We used the PRISMA flow diagram [19] to report the selection of relevant papers (Figure 3). A total of 637 papers were initially identified. The selection process (item #8) to assess whether a study met the inclusion criteria for this review was first conducted according to the article title to eliminate articles outside of our study focus. Specifically, our study bounded the WM system from collection to disposal; hence, the studies solely dedicated to collection were discarded. Household practices, e.g., waste separation, were removed as this research does not target any improvement in user practice. Consequently, we filtered unrelated topics, such as sustainable infrastructure, urban planning, smart cities, utility consumption, environmental sanitation, anti-littering behavior, recycling behavior, consumer behavior, environmental ethics, laws, and taxes. The out-of-scope topics that consider other waste streams that are not municipal solid waste, recycling and technology-specific research, waste generation prediction, waste classification, waste separation, waste collection, and packing waste were also excluded.
Then, the abstracts of the remaining papers were analyzed against the same inclusion criteria topics to eliminate the papers that were irrelevant to this study (Figure 3). The final list consisted of 125 unique papers. In order to account for the study risk of bias assessment (item #11), the filtering of the articles was performed by one researcher and reviewed by a second researcher. Any disagreements on article selection were thoroughly discussed until a consensus among the researchers was reached.
Each of the 125 articles was reviewed to search for information related to the research questions, as presented in Table 4 (item #9). The presence of relevant data was noted, and a qualitative description of these was recorded in Microsoft Excel. The sought data items (items #10a and #10b) refer to decision-making methods, social metrics or indicators, data collection, stakeholders, and WM applications according to each of the research questions defined (Table 4). Another feature considered was uncertainty since there are parameters or variables that can shift decisions significantly based on the value adopted.
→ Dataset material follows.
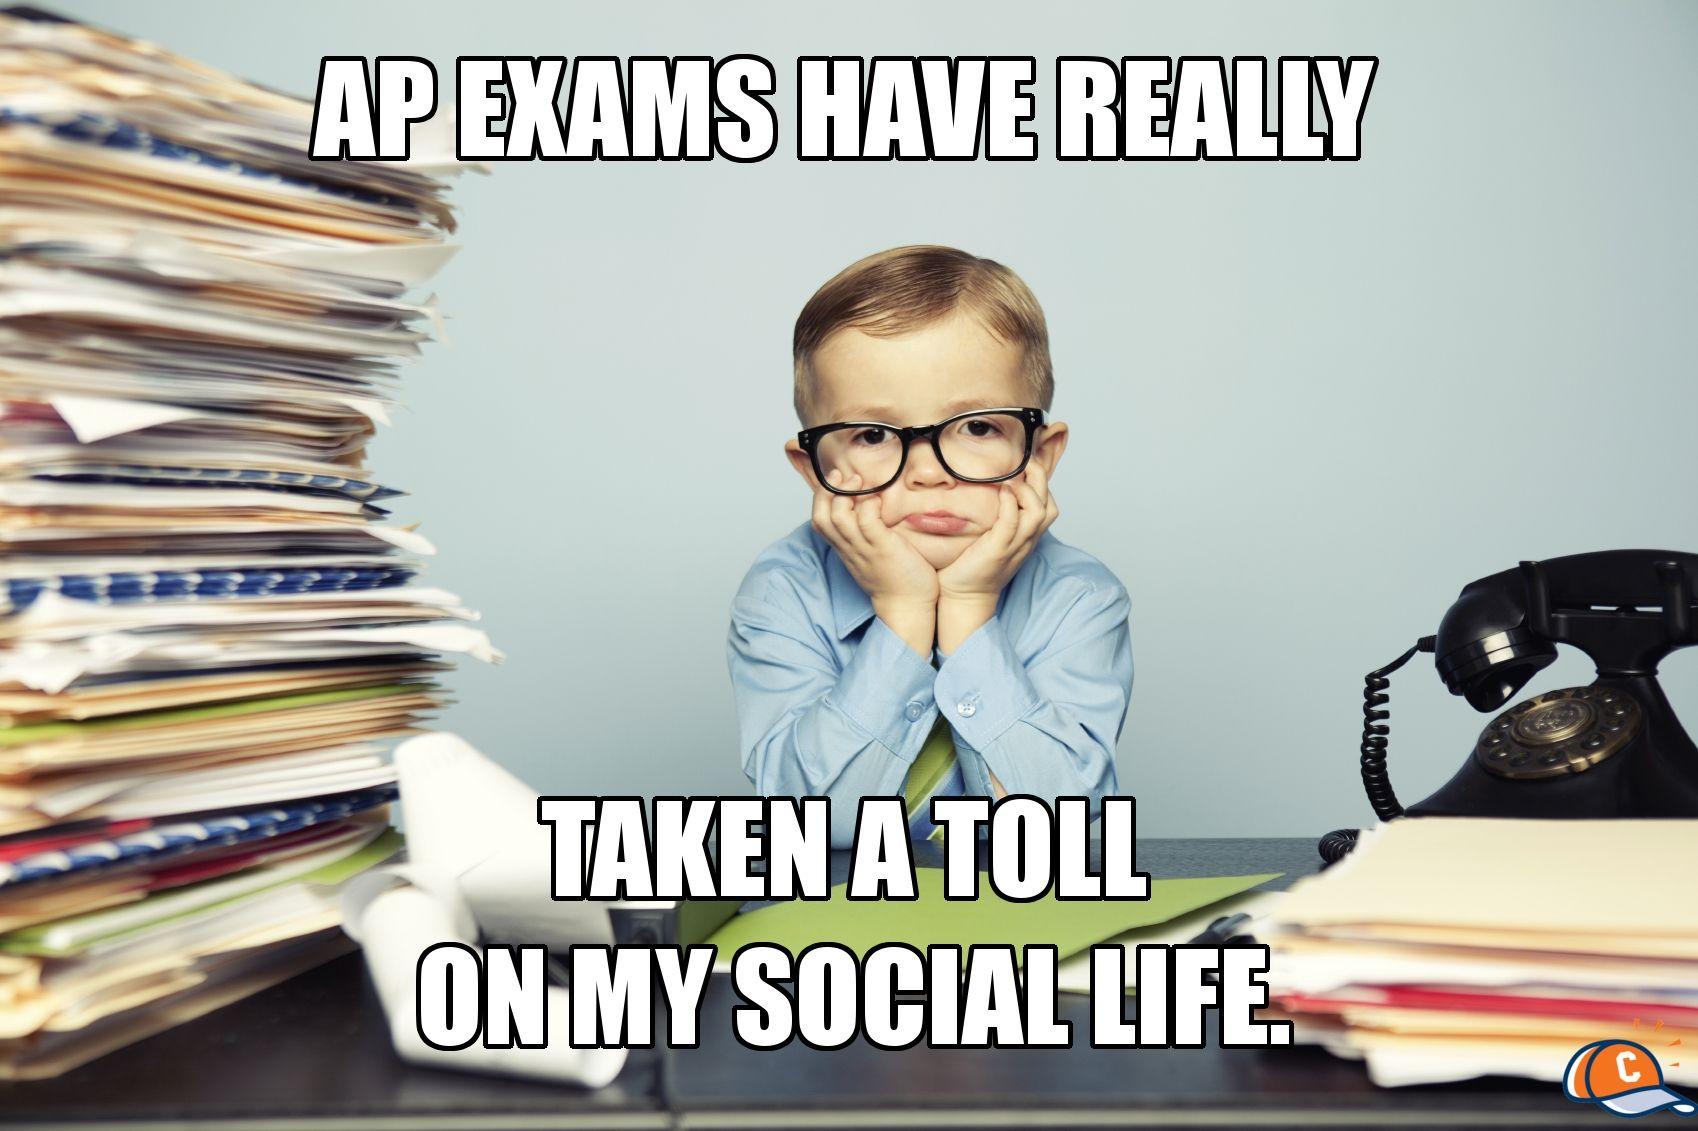 Google Image Result For Http Www Cappex Com Blog Wp Content Uploads 2012 05 Meme Ap Exams Jpg Ap Exams School Essay Ap Test
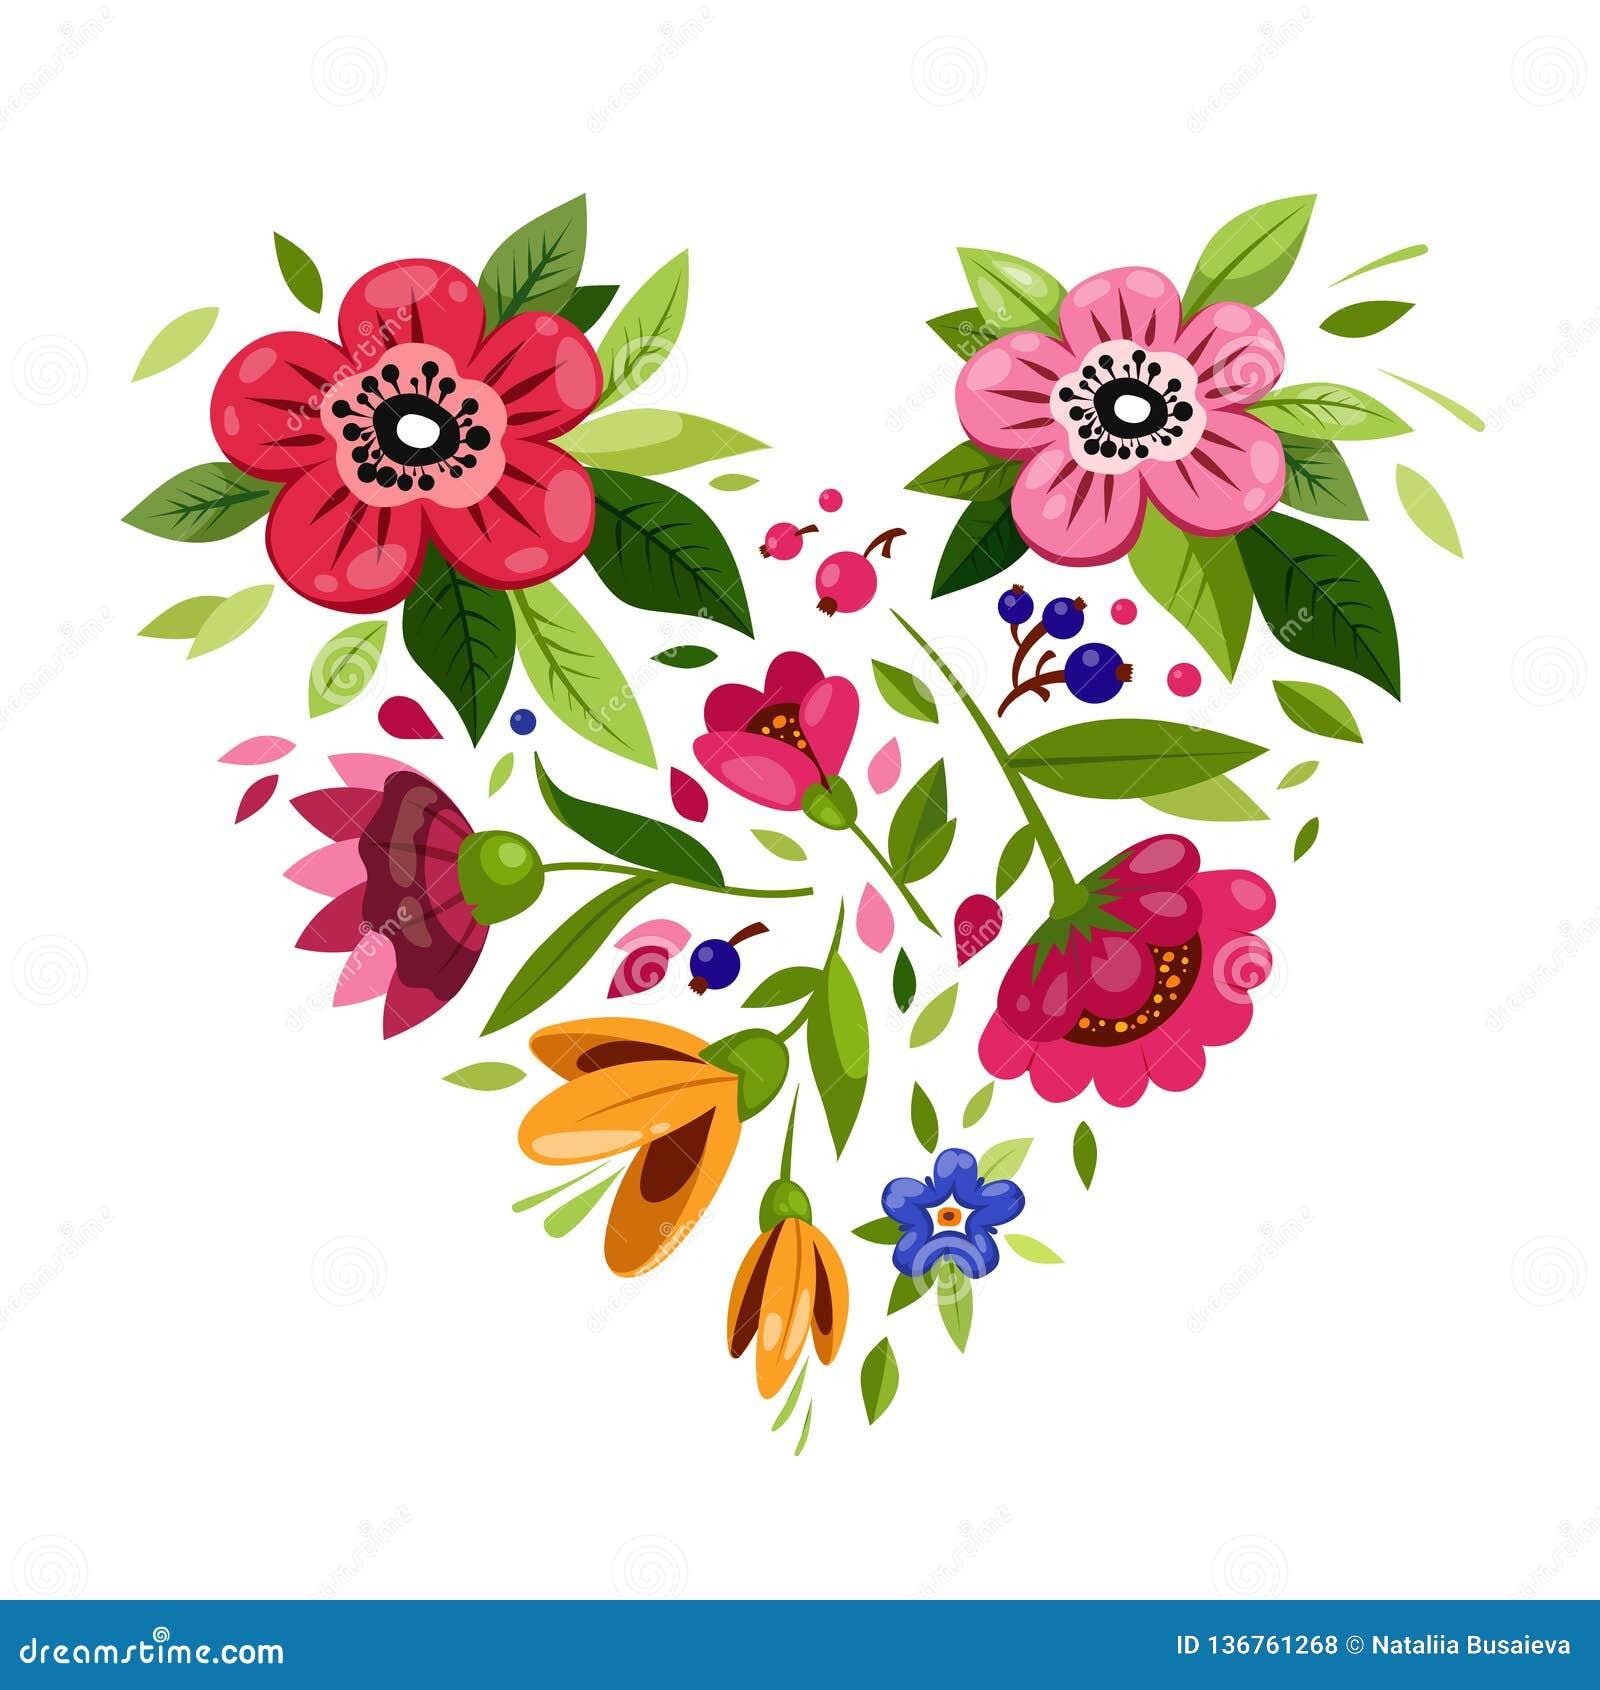 Flower Heart Heart From Flowers Vector Illustration For Holiday

The methods were classified based on the inclusion of uncertainty as either deterministic or probabilistic methods. In addition, any special remarks or comments from the articles were recorded at the researcher’s discretion. This review does not target quantitative results (i.e., statistics) from the articles selected; hence, the effect measures (item #12) used to present the results refer to the answers to our research questions. The synthesis methods (item #13) that we followed simply tabulated the information collected, according to Table 4. The tabulation of the articles was useful for computing the descriptive statistics of the review (e.g., the percentage of articles reviewed that included the three pillars of sustainability).

3. Results and Discussion

3.1. Overview

The 125 papers reviewed demonstrated the challenge of developing social indicators and the apparent disconnection of this with MODM methods. Direct engagement with stakeholders can guide this task; however, only 12 papers included all three of the research question topics. The distribution of the papers among the areas of interest is presented in the Venn diagram in Figure 4. Decision-making articles were found (shaded area in Figure 4), and their corresponding sustainability indicators are discussed further in Figure 5. It was found that social indicators were more commonly included when using approaches such as questionnaires and surveys, fuzzy theory, and game theory. The quantitative social aspects (e.g., the number of jobs created) were usually included with MODM methods, whereas qualitative social metrics (e.g., social acceptance) were first processed by MADM methods before their consideration in MODM, as MADM more readily receives stakeholder input and facilitates the quantification process of subjective metrics. Geographical representation was not evenly distributed (Figure 6); notably, there were no studies found in the US, and decision-making research is strongly represented in Iran. Social dimension research is more uniformly distributed, but the leading countries are Brazil, India, Italy, and Thailand. Stakeholder involvement research is limited, with prominent studies from India and the United Kingdom.
The decision-making methods were well-represented, with 69 papers, as can be seen in the shaded area in Figure 4. We omitted the literature reviews to end up with a total of 65 papers. From this total, 35 papers included all of the three pillars, and 17 papers examined environmental and economic criteria, with three of these papers also including resource recovery and energy consumption as criteria (Figure 5). Six papers expanded upon the three pillars to include criteria referred to as technical. Two papers included economic and social information, one paper considered environmental and social information, and the remainder discussed only economic or environmental information.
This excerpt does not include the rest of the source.